Data excerpts

======

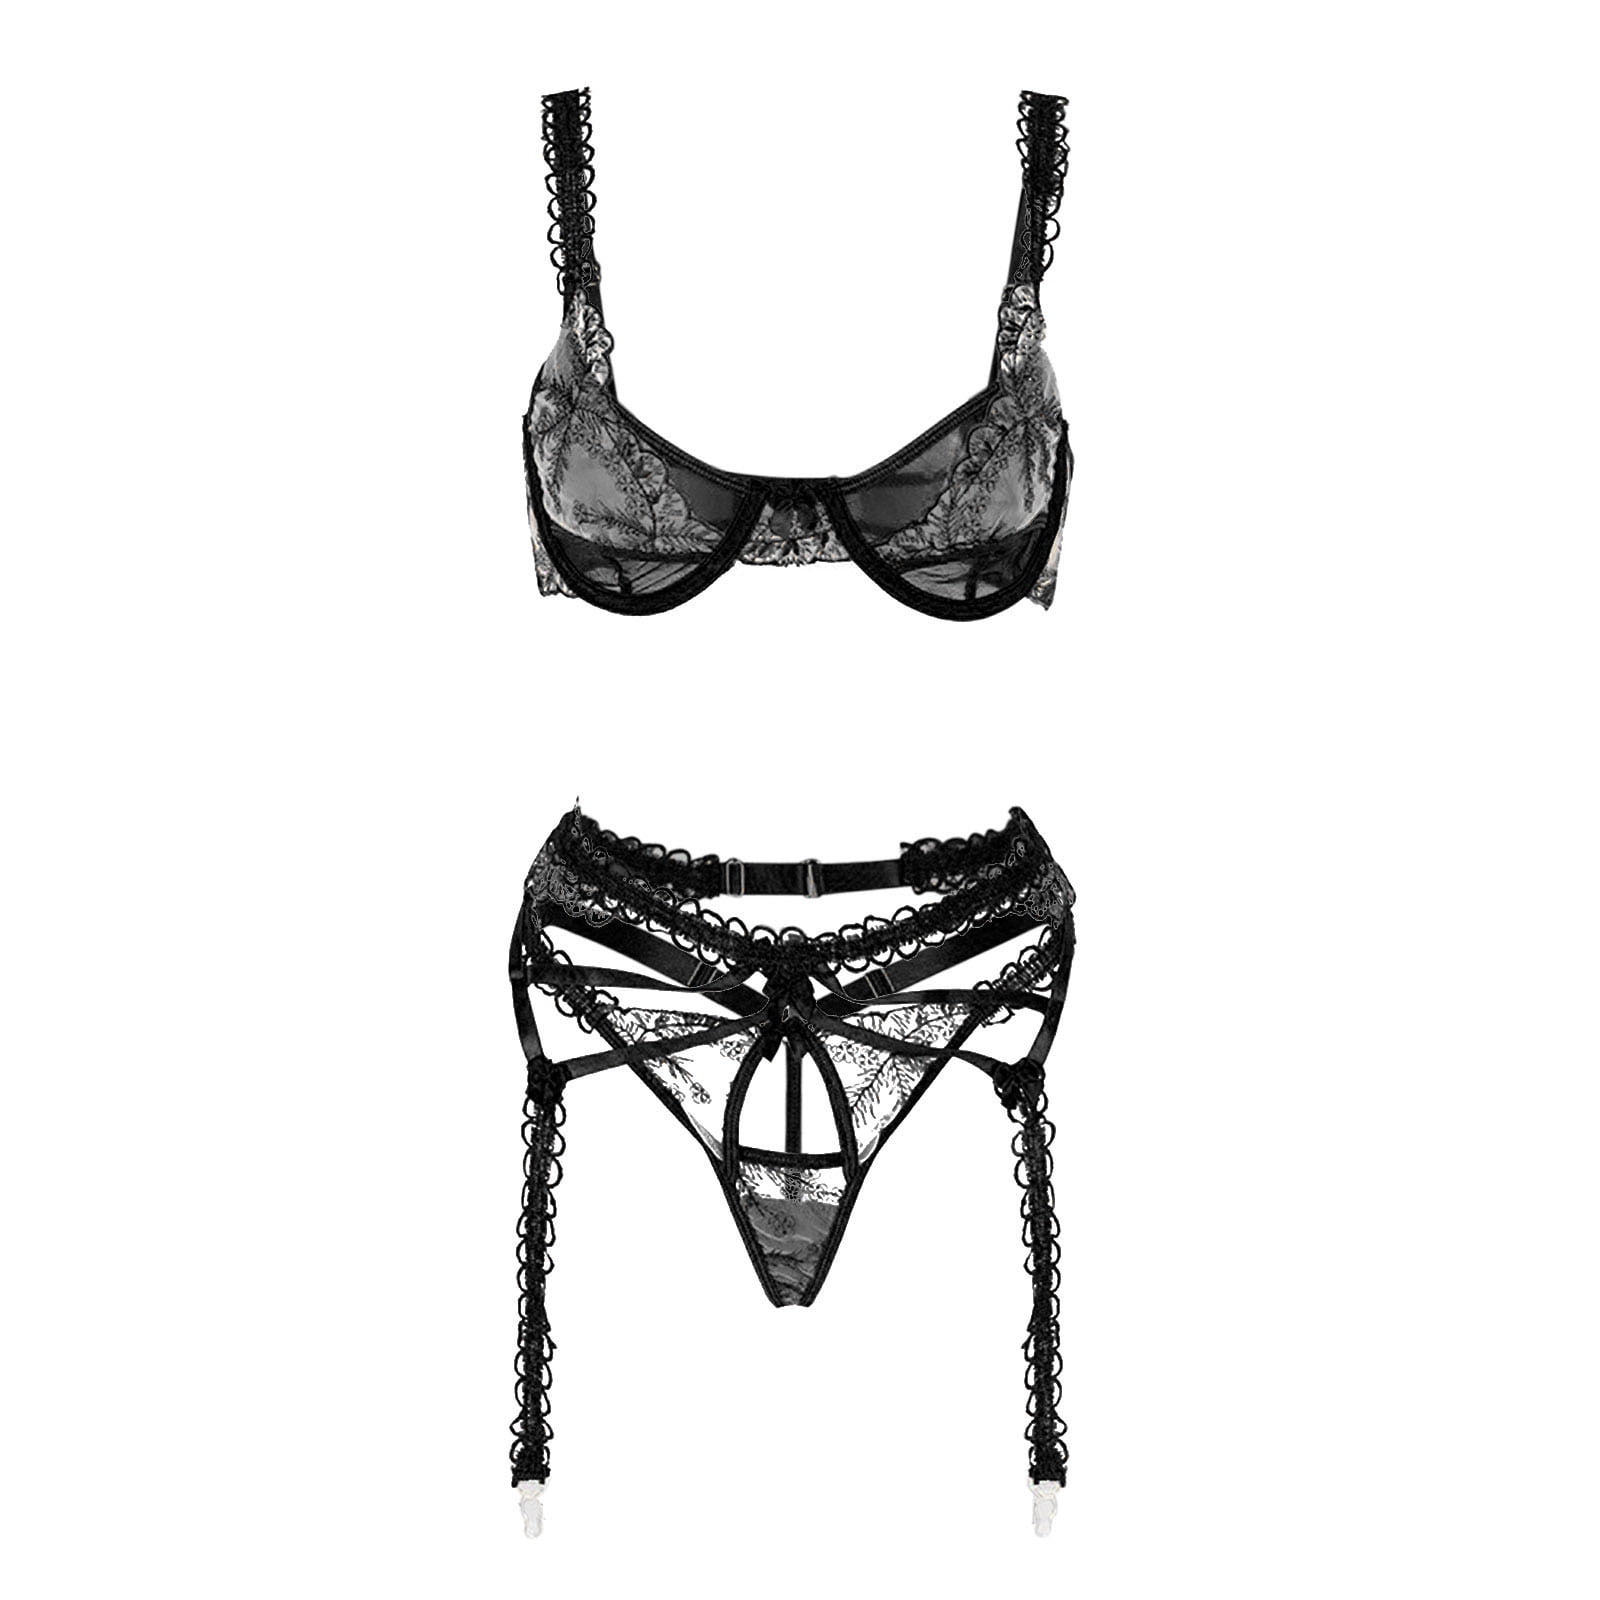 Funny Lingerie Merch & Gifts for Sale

======

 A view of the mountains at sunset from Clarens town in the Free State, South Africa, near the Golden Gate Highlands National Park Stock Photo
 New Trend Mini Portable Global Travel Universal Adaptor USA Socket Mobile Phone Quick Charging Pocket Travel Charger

======

Your goal
Print exactly the lines of the listing above starting at the line containing "A view of the" and ending at the line containing "New Trend Mini", both included.

Response area
 A view of the mountains at sunset from Clarens town in the Free State, South Africa, near the Golden Gate Highlands National Park Stock Photo
 New Trend Mini Portable Global Travel Universal Adaptor USA Socket Mobile Phone Quick Charging Pocket Travel Charger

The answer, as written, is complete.